También puede utilizarse como base para gratinados y otras preparaciones.

Se puede preparar con antelación

Sí, aunque el mejor momento para comerlo es poco después de prepararlo.

Si necesitas adelantar trabajo, guarda el puré refrigerado en un recipiente cerrado.

Para calentarlo, hazlo suavemente en una cazuela y añade una pequeña cantidad de leche caliente y mantequilla mientras remueves.

Esto ayuda a recuperar parte de la cremosidad perdida durante el enfriamiento.

Evita calentarlo a fuego fuerte porque puede pegarse fácilmente al fondo.

Cómo recalentar puré de patata

La cazuela a fuego bajo ofrece mucho control.

Pon el puré frío en el recipiente, añade unas cucharadas de leche y calienta lentamente.

Remueve con una espátula, sin batir.

También puede utilizarse el microondas en intervalos cortos, mezclando entre cada calentamiento.

Si después de calentarlo continúa demasiado compacto, incorpora algo más de leche caliente.

Se puede congelar el puré

Puede congelarse, aunque la textura puede cambiar ligeramente.

Los purés que contienen suficiente mantequilla y leche suelen soportar mejor la congelación que los preparados únicamente con patata y agua.

Guárdalo una vez frío en recipientes adecuados y descongélalo de forma controlada.

Al recalentarlo, añade un poco de leche o mantequilla y trabaja suavemente la mezcla para recuperar una textura cremosa.
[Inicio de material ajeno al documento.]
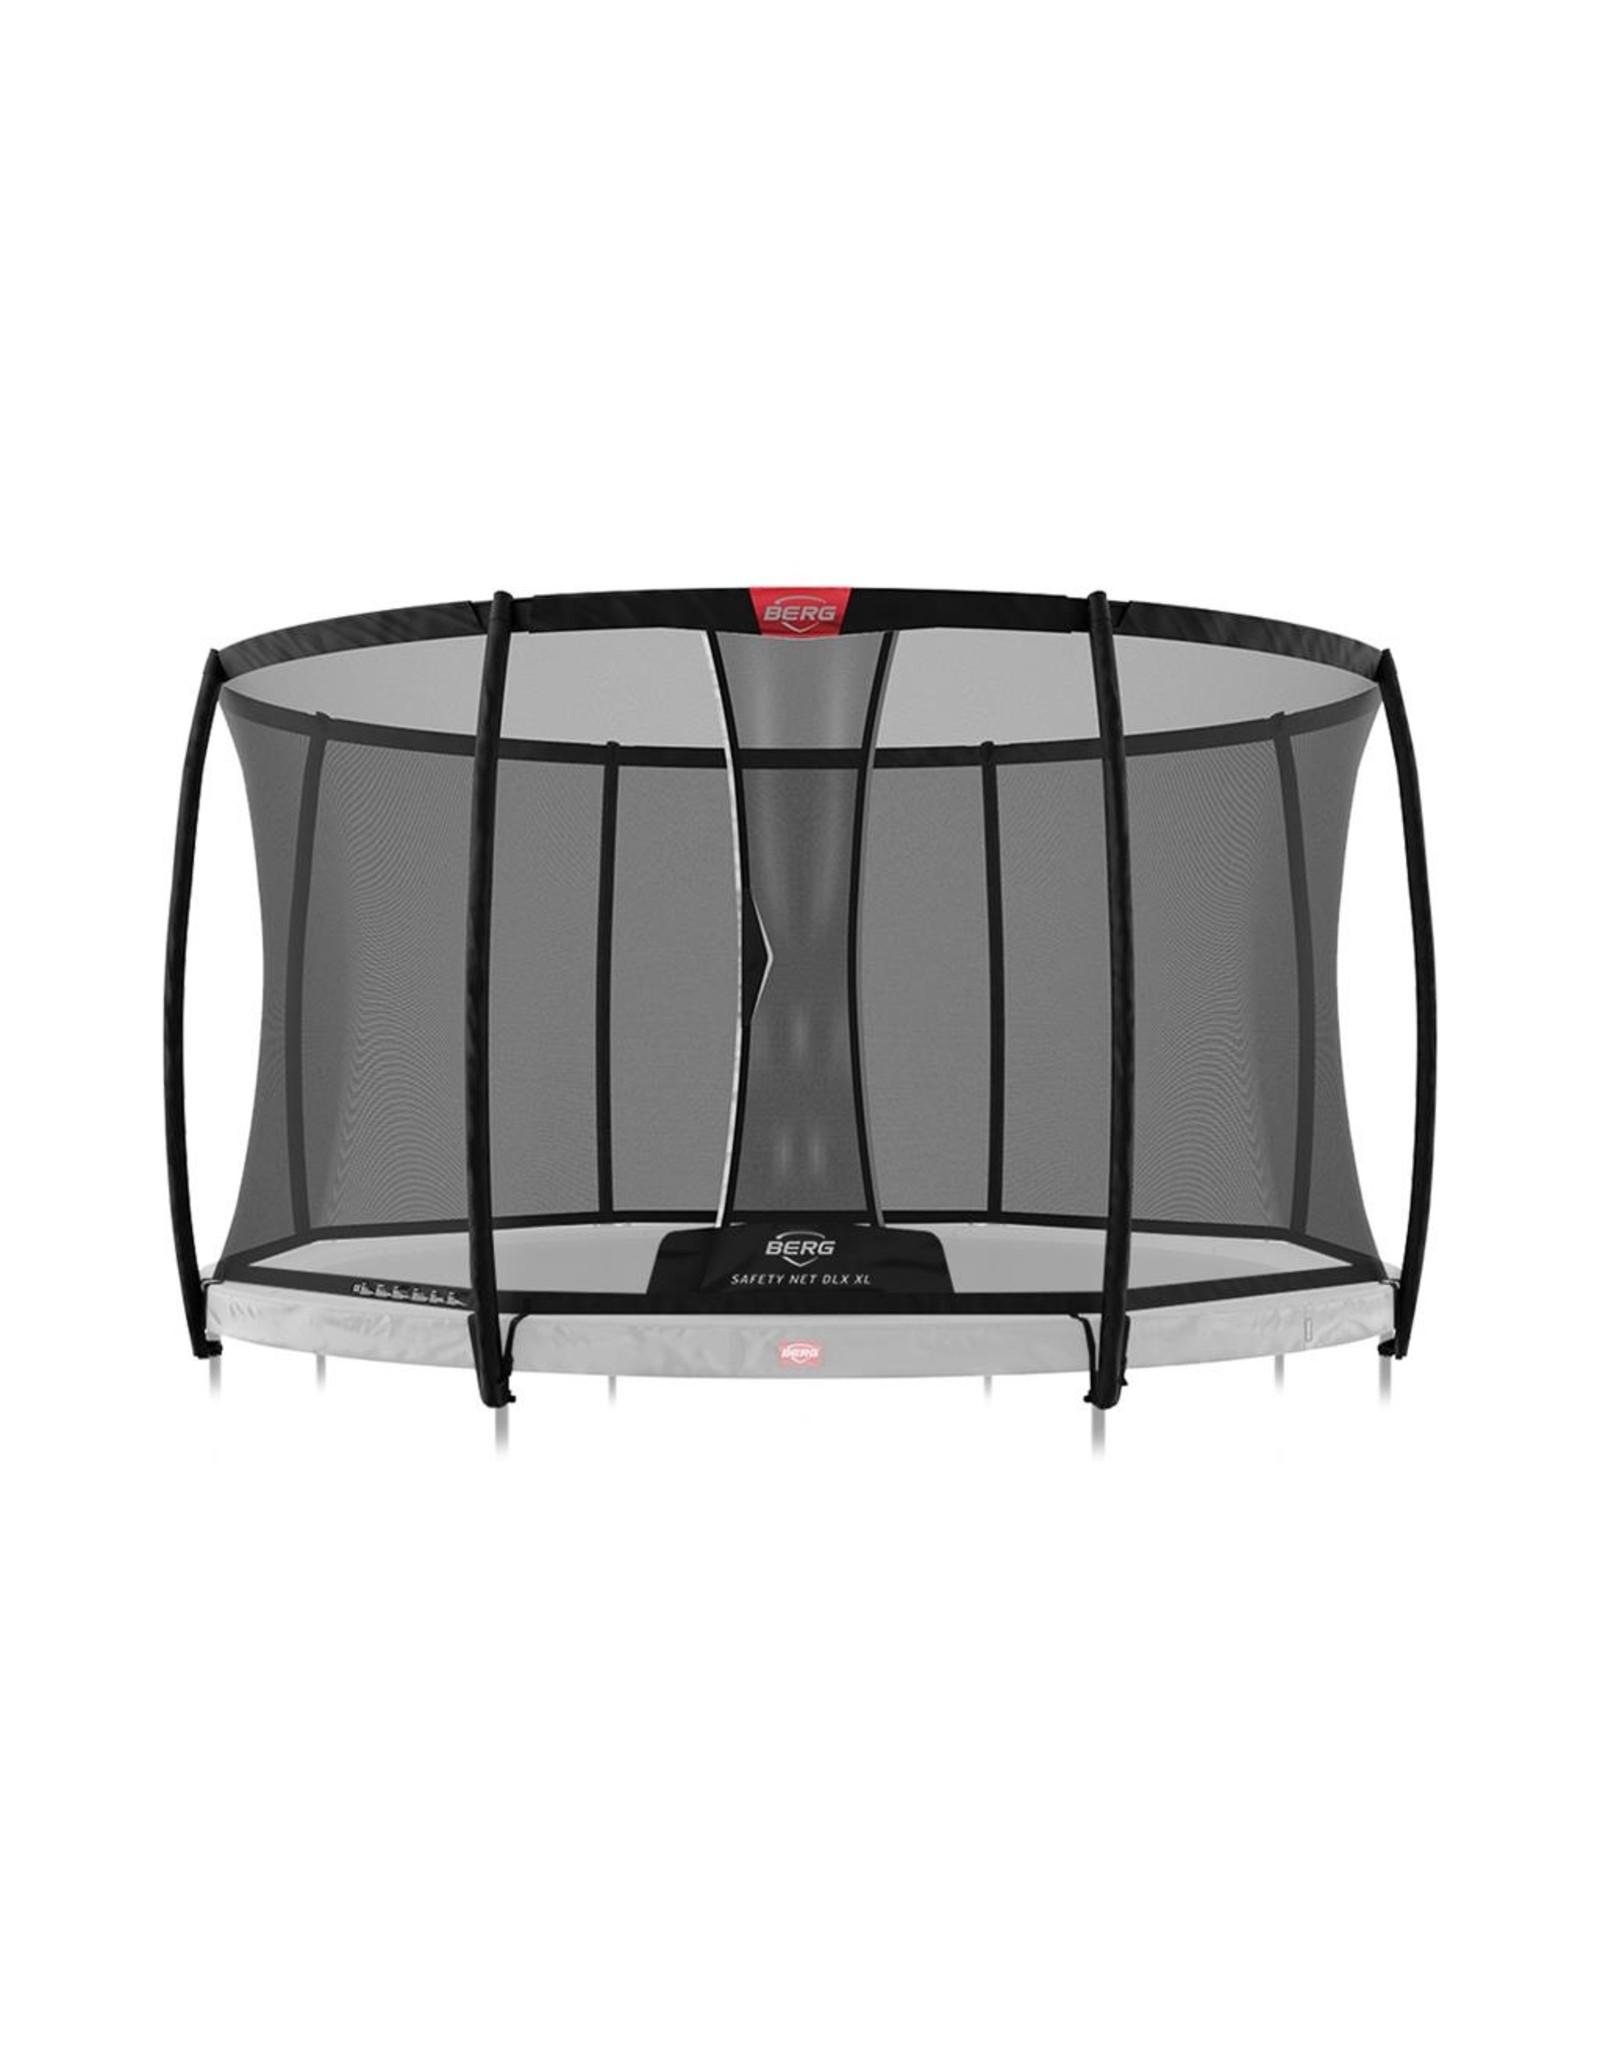 BERG BERG Safety Net DLX XL 430

Para obtener la máxima calidad, sigue siendo preferible consumirlo recién preparado.

La receta rápida para recordar

Si quieres olvidarte de fórmulas complicadas, memoriza esta proporción:

1 kg de patatas + 80-100 g de mantequilla + aproximadamente 200 ml de leche caliente + sal.

Cuece las patatas hasta que estén completamente tiernas, escúrrelas y deja que pierdan el exceso de humedad antes de triturarlas.

Machácalas calientes, incorpora primero la mantequilla y añade después la leche poco a poco. No utilices batidora eléctrica y detente en cuanto la textura sea uniforme.

El puré de patata casero perfecto no depende de añadir cantidades enormes de mantequilla ni de complicar una receta sencilla. La verdadera diferencia está en respetar la patata: cocinarla hasta su punto, evitar que acumule demasiada agua y trabajarla lo mínimo necesario. Cuando esos tres detalles se hacen bien, unos ingredientes cotidianos producen un puré ligero, cremoso y con auténtico sabor a patata.